Dans ses vidéos de rap, il s'entourait de jolies filles et exhibait d'énormes bijoux en or. Le loyer de son penthouse, au centre-ville de Montréal, s'élevait à 4400$ par mois. Il ne se donnait pas la peine de faire nettoyer ses habits griffés; quand il avait besoin d'un costard propre, il en achetait tout simplement un neuf.

Pas de doute, Jahmane Bolton, alias Frost, menait un train de vie princier. Pourtant, le rappeur montréalais ne travaillait pas. Pendant ces années fastes, il n'a pas déclaré le moindre revenu. Son argent, il le faisait sur le dos de Zoé*, qu'il a littéralement traitée en esclave sexuelle pendant trois ans et demi.

Son emprise sur la jeune femme était totale.

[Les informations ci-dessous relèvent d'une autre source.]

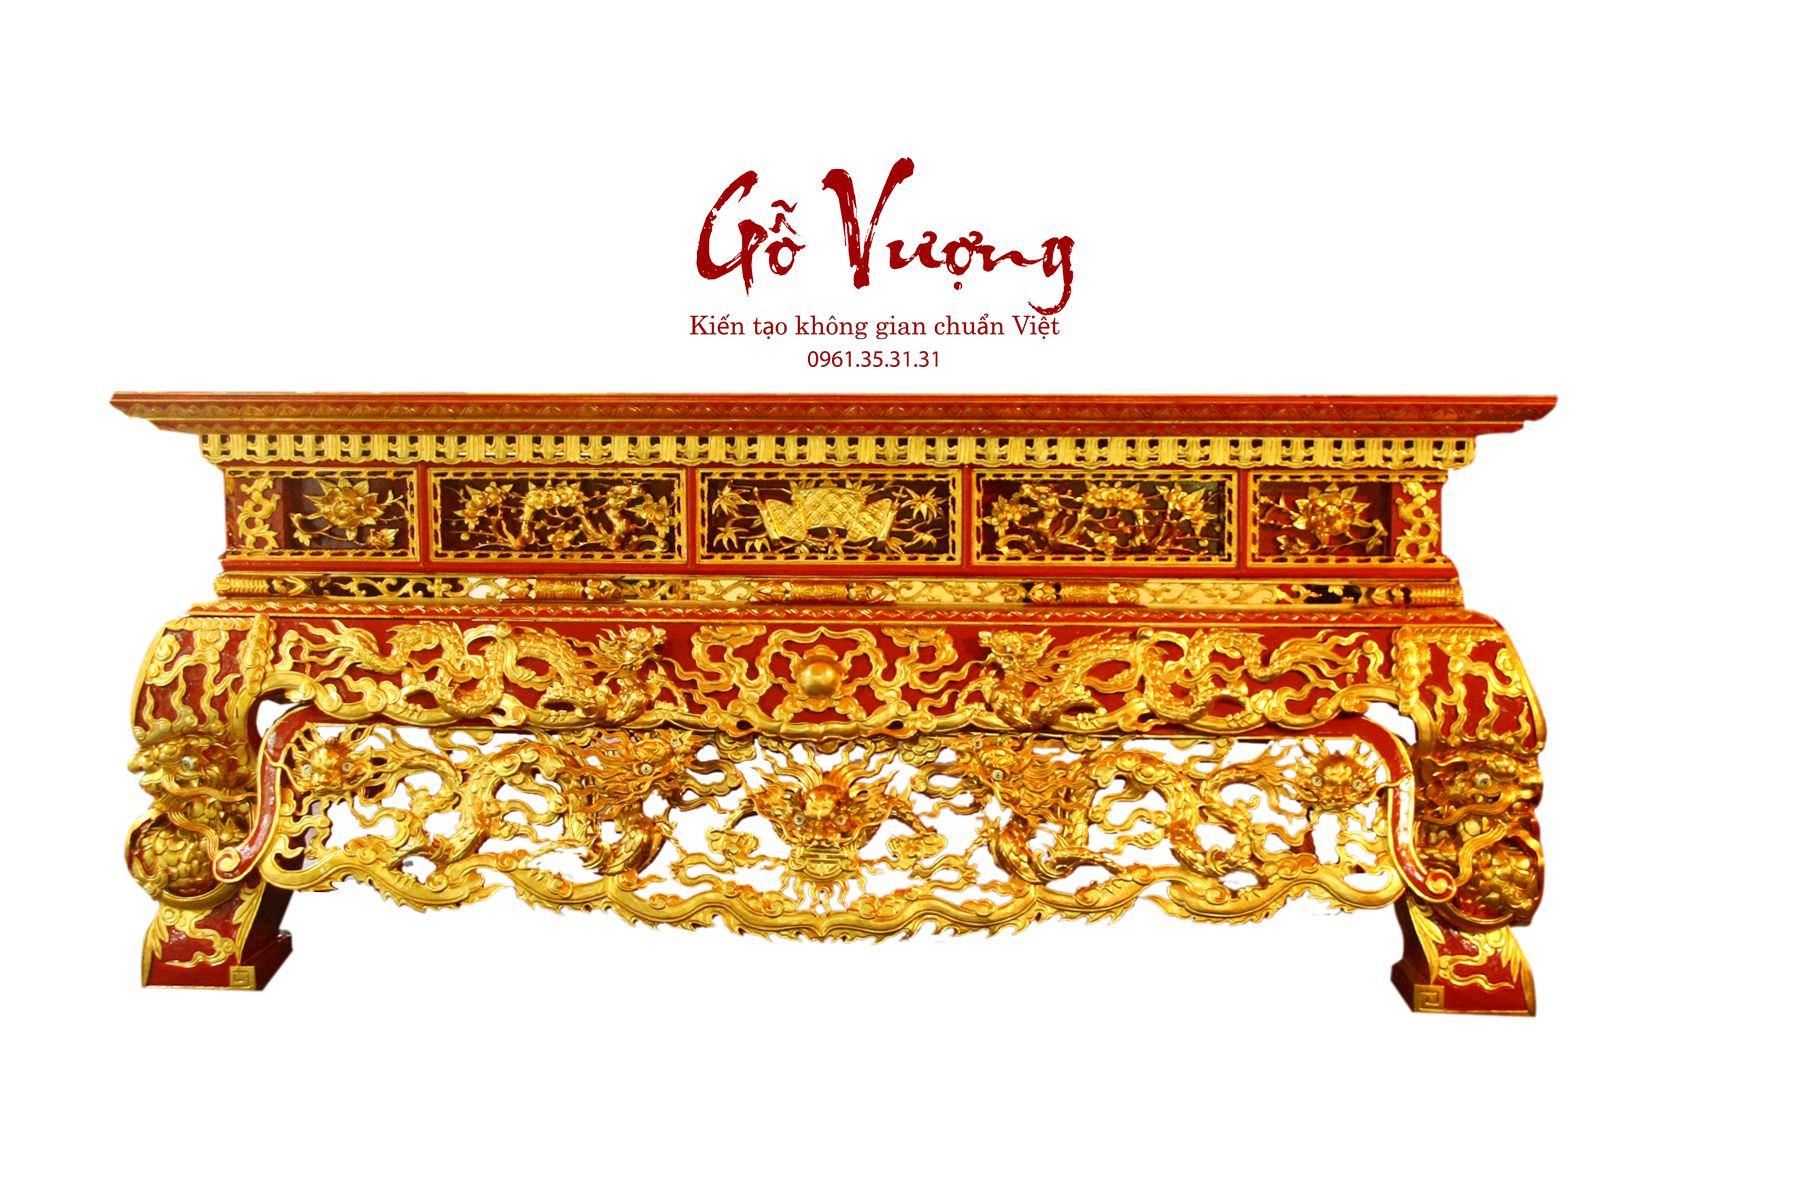 Sập thờ 2 dạ sơn son thếp vàng được thi công tinh xảo bởi công ty Gỗ Vượng Việt Nam
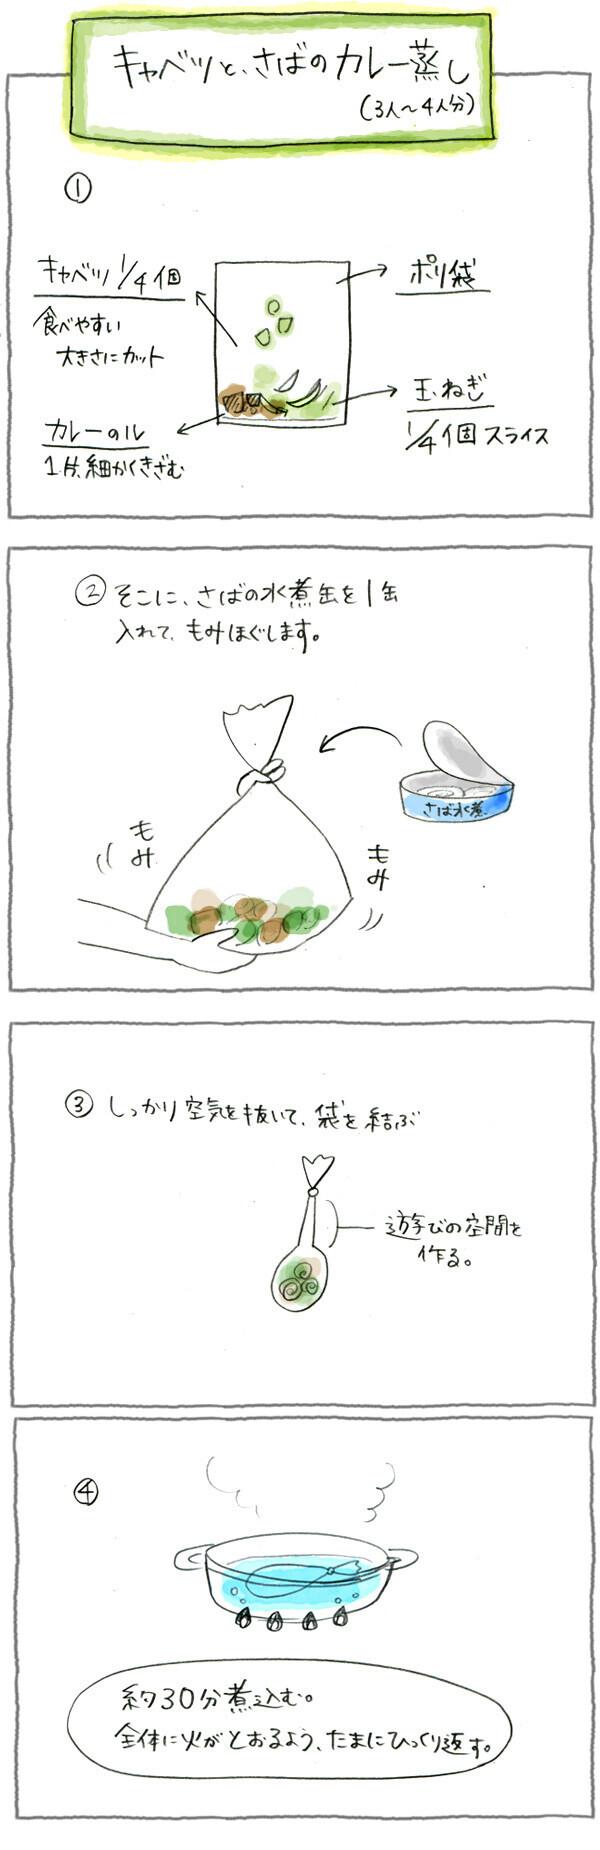 災害時に役立つ魔法の調理法「パッククッキング」Vol.2 レトルト食品を使って作る、カレー&親子丼

Zoé dansait dans des bars de la région de Montréal six ou sept jours par semaine, de 15h à 3h du matin. Elle ne prenait jamais de vacances. À coups de danses à 10$, elle rapportait à M. Bolton de 1800$ à 2800$ par semaine. Autour de 100 000$ par an. Sans impôts.

Zoé lui donnait tout. Elle devait obtenir son approbation pour le moindre achat. Des «erreurs» bêtes, comme oublier d'enlever les oignons de son plat, lui valaient une violente claque derrière la tête. «J'étais constamment en train de m'assurer que je faisais bien tout ce qu'il voulait et que je n'oubliais rien», a-t-elle raconté avec beaucoup d'émotion, hier, au palais de justice de Montréal, où M. Bolton a plaidé coupable à plusieurs chefs d'accusation, dont proxénétisme, voies de fait et séquestration.

«S'il n'aimait pas ce que je portais, je devais me changer. Je devais porter des talons chaque fois que j'étais en sa présence, ou encore me dévêtir dès que j'entrais dans la maison.»

M. Bolton a fait tatouer son nom sur la peau de la jeune femme. Comme on marque le bétail. Et comme on marquait, jadis, les esclaves. Lorsque Zoé a voulu quitter M. Bolton, ce dernier lui a exigé une «compensation de départ» de 50 000$, sous peine de représailles. Alors, elle est restée. Elle était terrifiée.

M. Bolton avait souvent été violent envers elle. Une nuit, il l'avait frappée à coups de poing pendant cinq minutes dans un taxi - si fort que le chauffeur avait eu l'impression que sa voiture était munie d'un ressort. Une autre fois, il lui avait fracassé une table sur les jambes. Elle avait quand même dû danser ce soir-là, avec des leggings pour camoufler ses ecchymoses.

Séquestrée au 1000, rue de la Commune

En 2012, M. Bolton a quitté son penthouse de deux étages, rue de Bleury, pour emménager au 1000, rue de la Commune. L'appartement était moins luxueux - le loyer n'était «que» de 2700$ -, mais avait l'avantage de se trouver à l'intérieur de ce que plusieurs considèrent comme une véritable forteresse pour les criminels, très difficile d'accès pour les enquêteurs.

Au moins une vingtaine de membres et de relations du crime organisé ont vécu dans cet immeuble: des mafieux du clan Rizzuto, des Hells Angels et des gangs de rue.

Un soir, après que Zoé eut tenté de s'enfuir, M. Bolton l'a séquestrée pendant deux jours à l'intérieur de l'appartement du 1000, rue de la Commune. Il l'a battue pendant des heures, puis l'a réveillée pour la battre encore. «Je ne croyais pas sortir vivante de l'appartement», a-t-elle confié. Le second matin, elle a joué le tout pour le tout: elle s'est précipitée vers la sortie. Alertée par ses cris, une voisine l'a trouvée par terre dans le corridor, agrippée à la porte. Complètement nue. M. Bolton tentait de la pousser à l'intérieur.

Zoé s'est réfugiée chez la voisine et a porté plainte. Elle a été prise en charge par les enquêteurs de la section Ouest du Service de police de la Ville de Montréal (SPVM), qui ont développé une solide expertise en matière d'exploitation sexuelle.

La Couronne demande une peine de cinq ans de prison contre M. Bolton. Ce dernier a déjà purgé 17 mois à Bordeaux et plaide l'insalubrité de la prison pour obtenir une réduction de peine. La décision du juge Jean-Pierre Boyer, de la Cour du Québec, sera rendue dans les prochaines semaines.

Il y a deux mois, Zoé s'est déniché un boulot de caissière. Sans diplôme, elle doit recommencer sa vie à zéro. Sans le moindre sou en poche.